Из выбитой двери мохнатым валом повалили зверелые. Горцы сразу же потеряли еще троих, загрызенных и разорванных. Уцелевшие отбивались прикладами и копьями. Все успешней – эффект неожиданности прошел. Да и волки были странные – бешеные, словно не чувствующие боли, но больные на вид. Мутанты в самом плохом, не философском смысле слова.
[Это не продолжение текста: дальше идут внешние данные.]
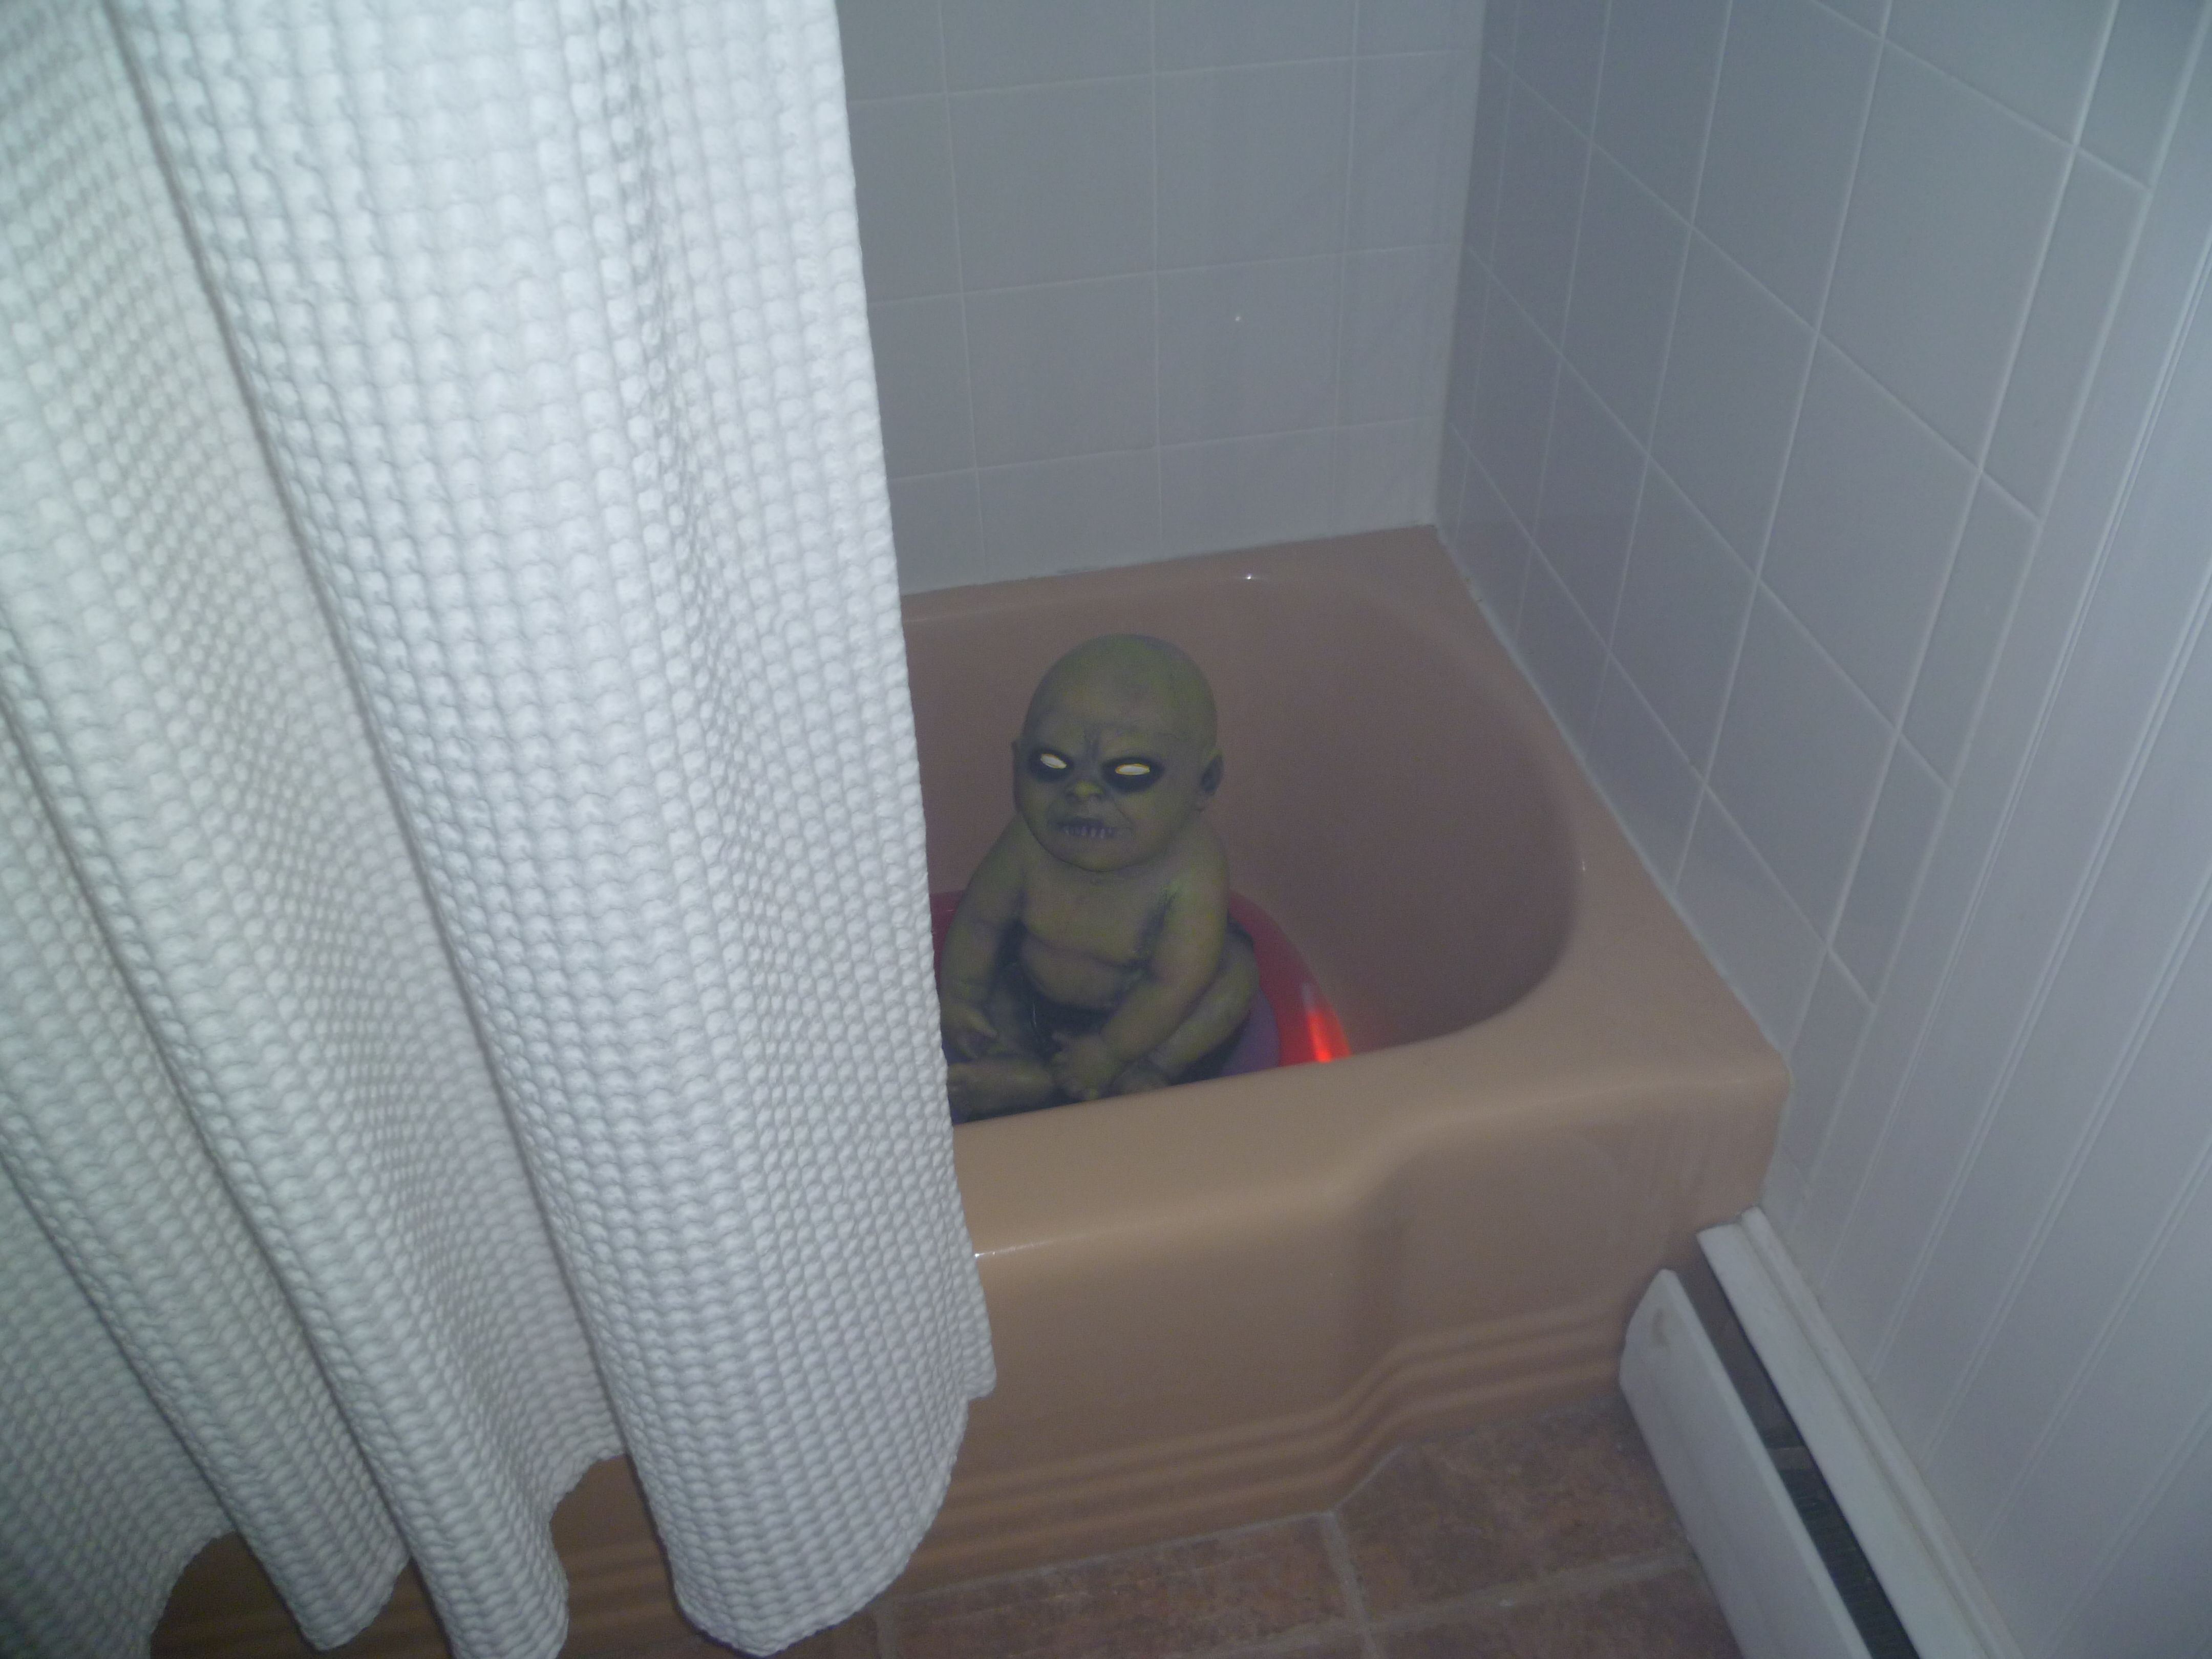 Halloween Bathroom Accessories Halloween Bathroom Decor Sets Https Www Pinterest Com Pin
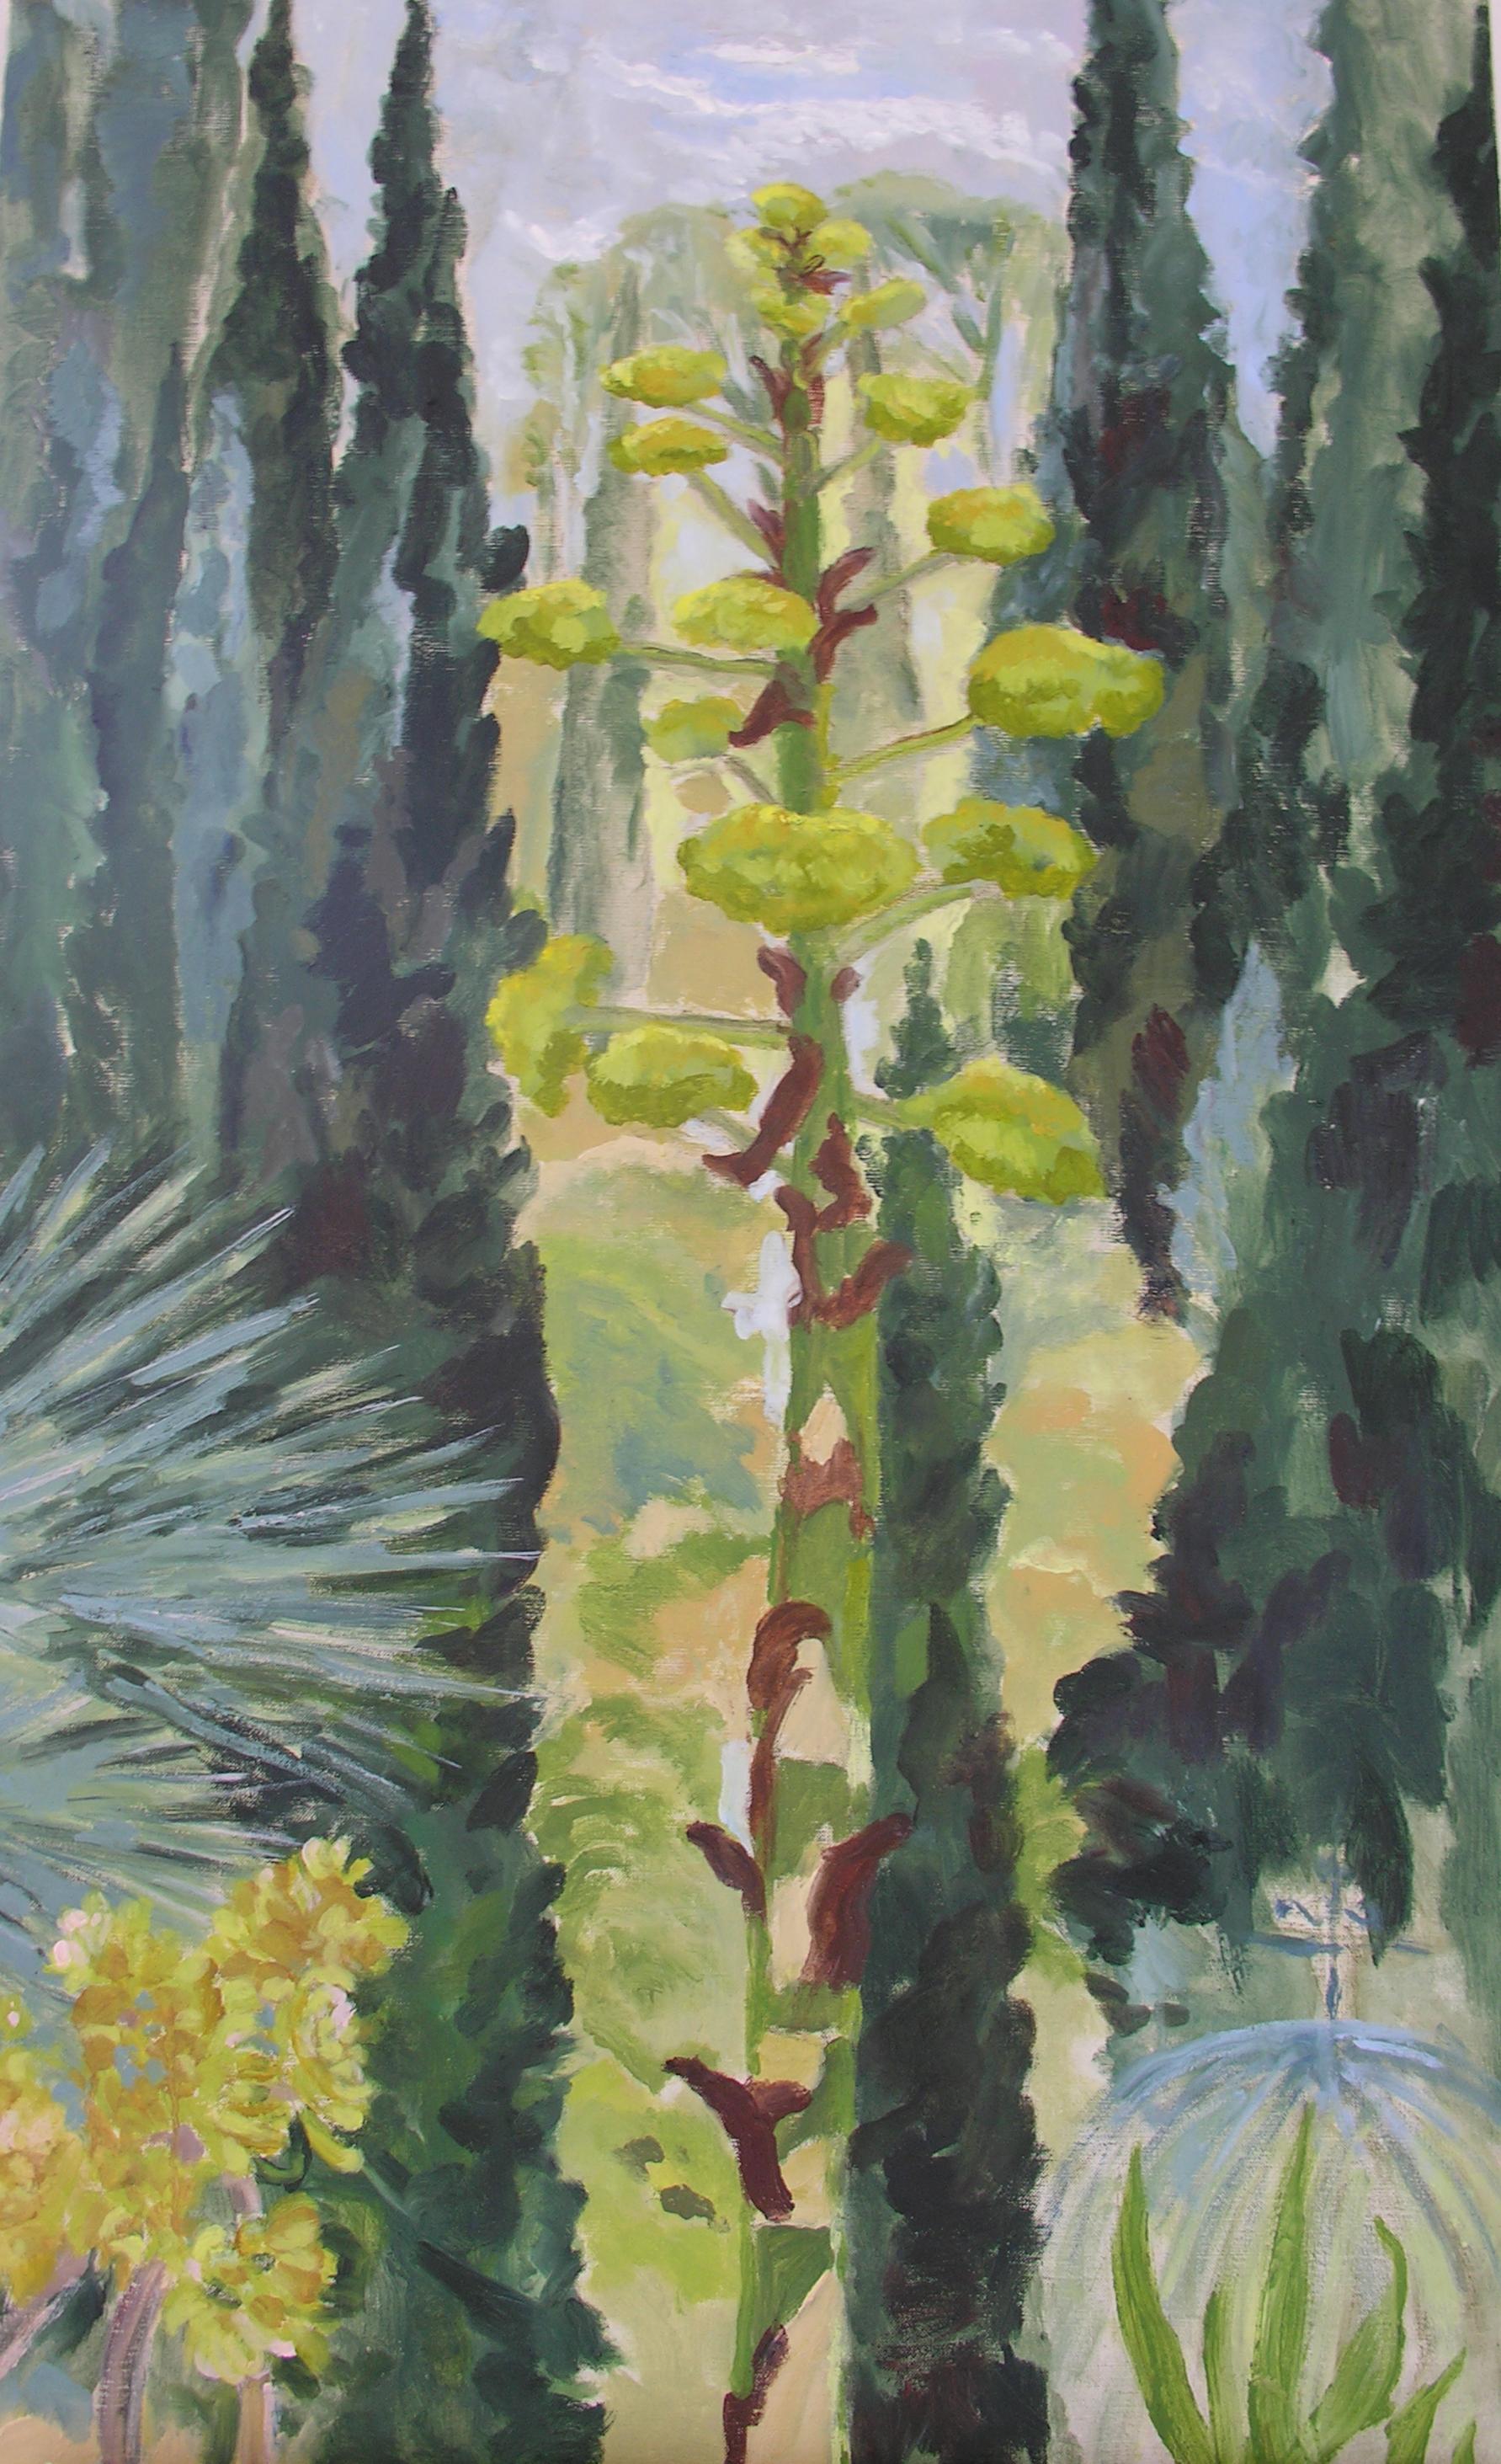 Image of - Agave Salmiana, Aeonium & Cypress

У кого переизбыток лап, у других сквозь мех прорастали разноцветные опухоли, третьи, наоборот, тощие как лучина, животы целуют хребет.
Из свалки у двери вывернулся и кинулся к ним с Аэданом вообще малозатронутый. В одной набедренной повязке, грязный, лицо безобразно ополумордилось. Но меха почти нет, и глаза –едва волчканутые. Но напрочь безумные. И светятся. Повезло, в этой фазе больные совсем слабые, хватит и…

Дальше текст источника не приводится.